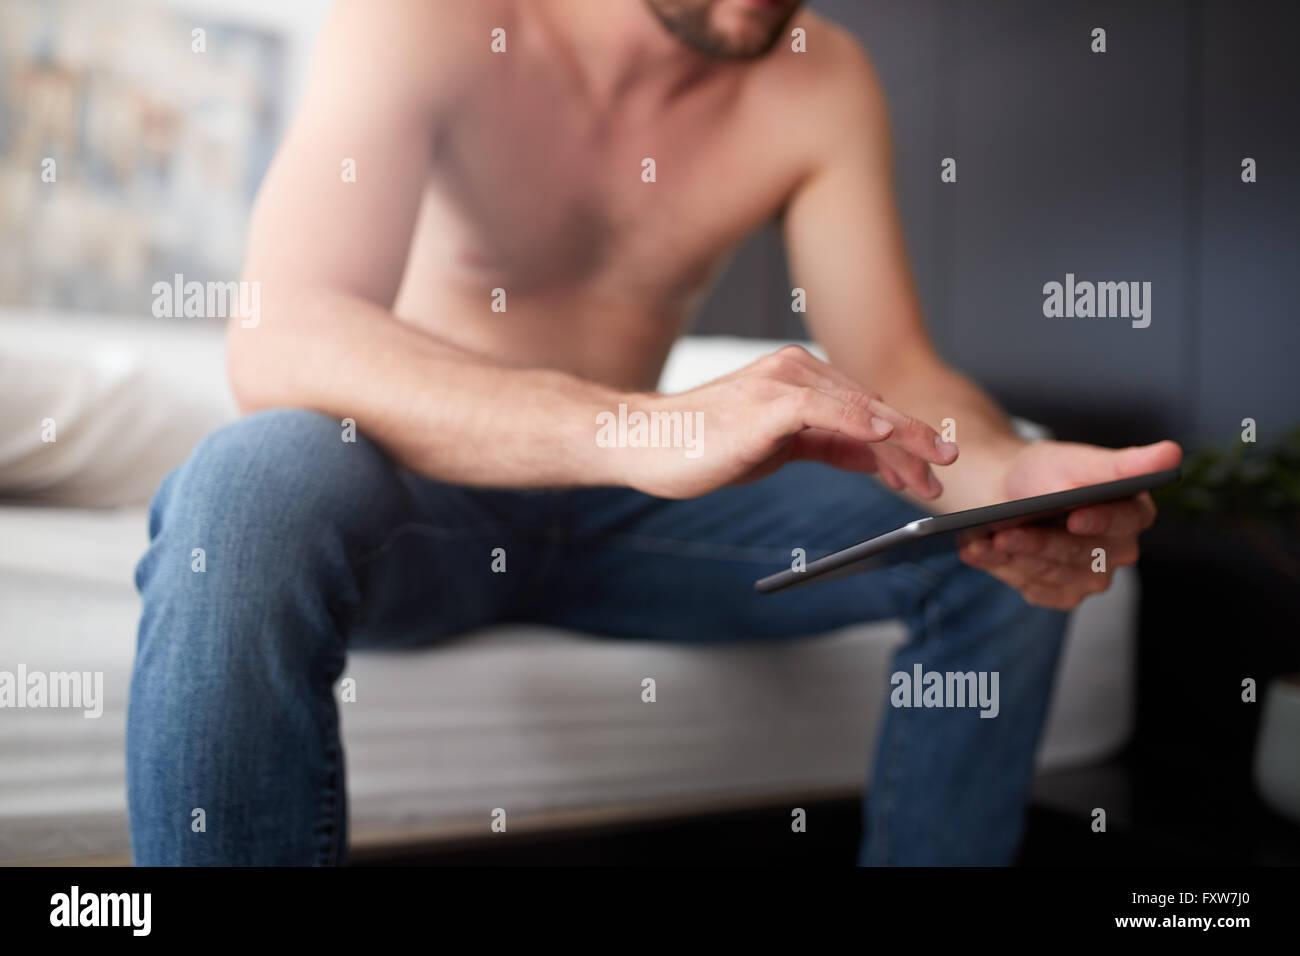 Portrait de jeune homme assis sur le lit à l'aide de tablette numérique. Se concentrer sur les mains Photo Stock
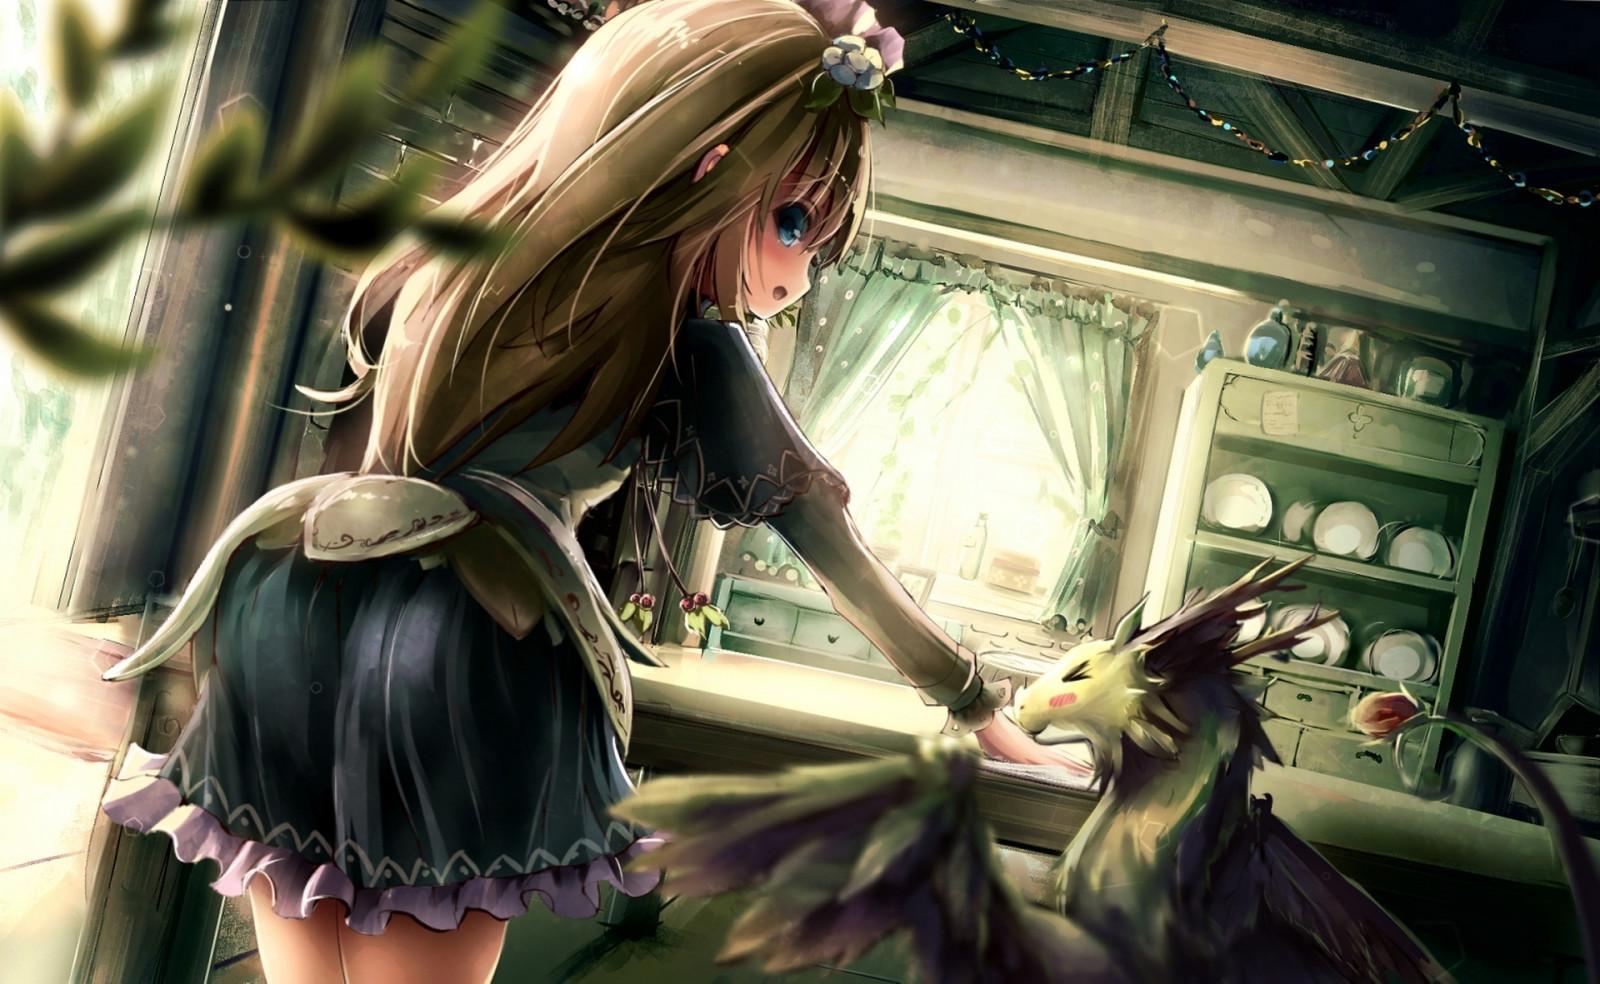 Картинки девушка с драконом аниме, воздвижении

------------------------------------------------

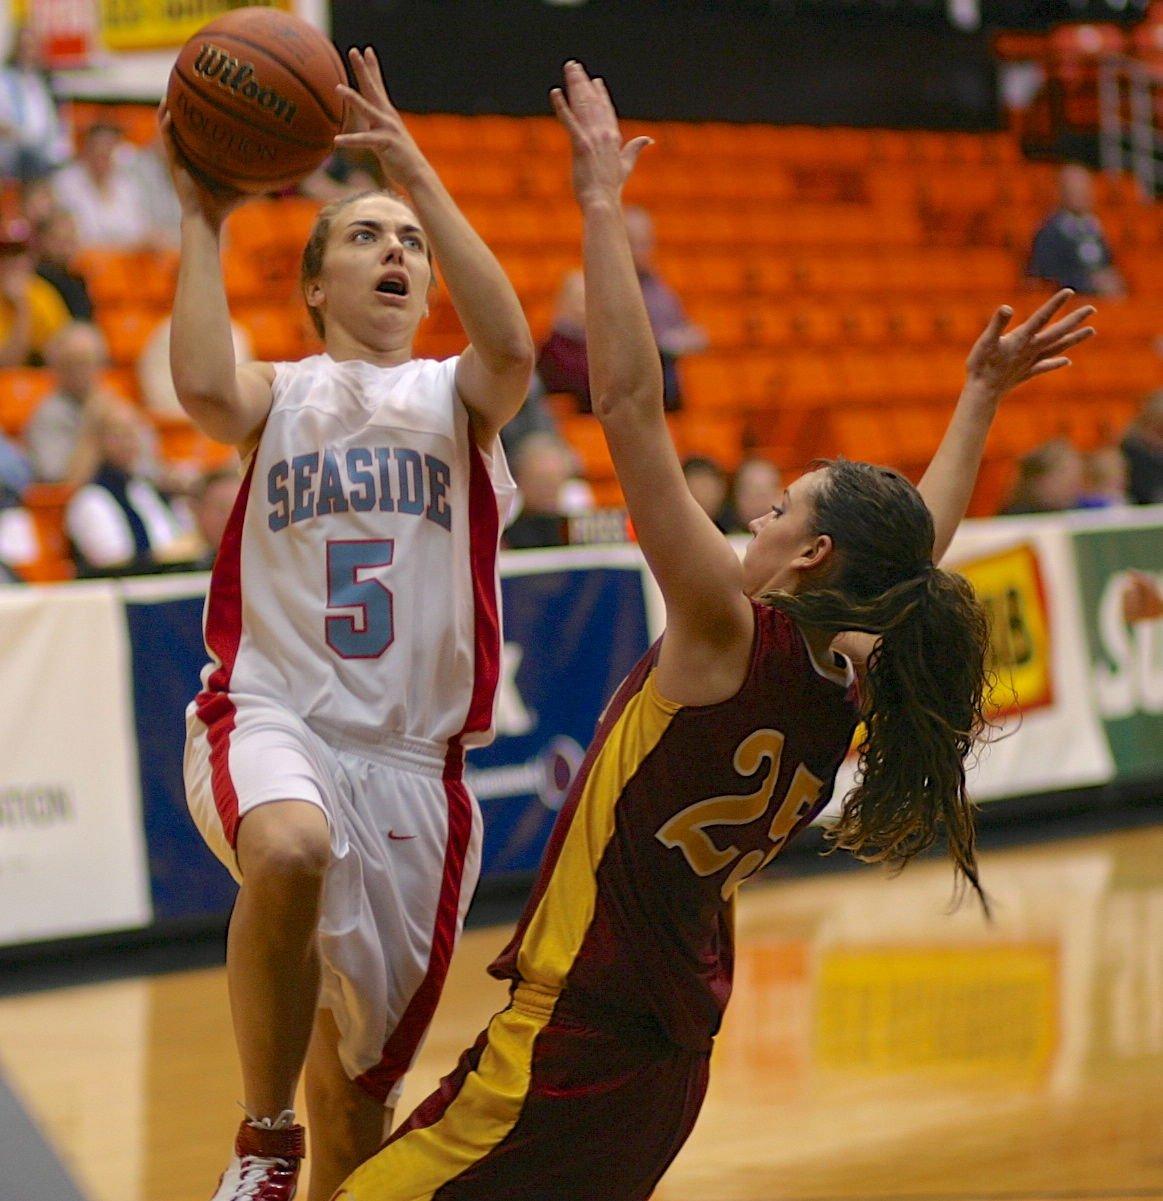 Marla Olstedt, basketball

------------------------------------------------

## Work order:
Starting with the line that contains "Portrait de jeune" and finishing with the line that contains "Картинки девушка с", reproduce every line of the material above exactly, but not the pictures.

## Expected output:
 Portrait de jeune homme assis sur le lit à l'aide de tablette numérique. Se concentrer sur les mains Photo Stock
 Картинки девушка с драконом аниме, воздвижении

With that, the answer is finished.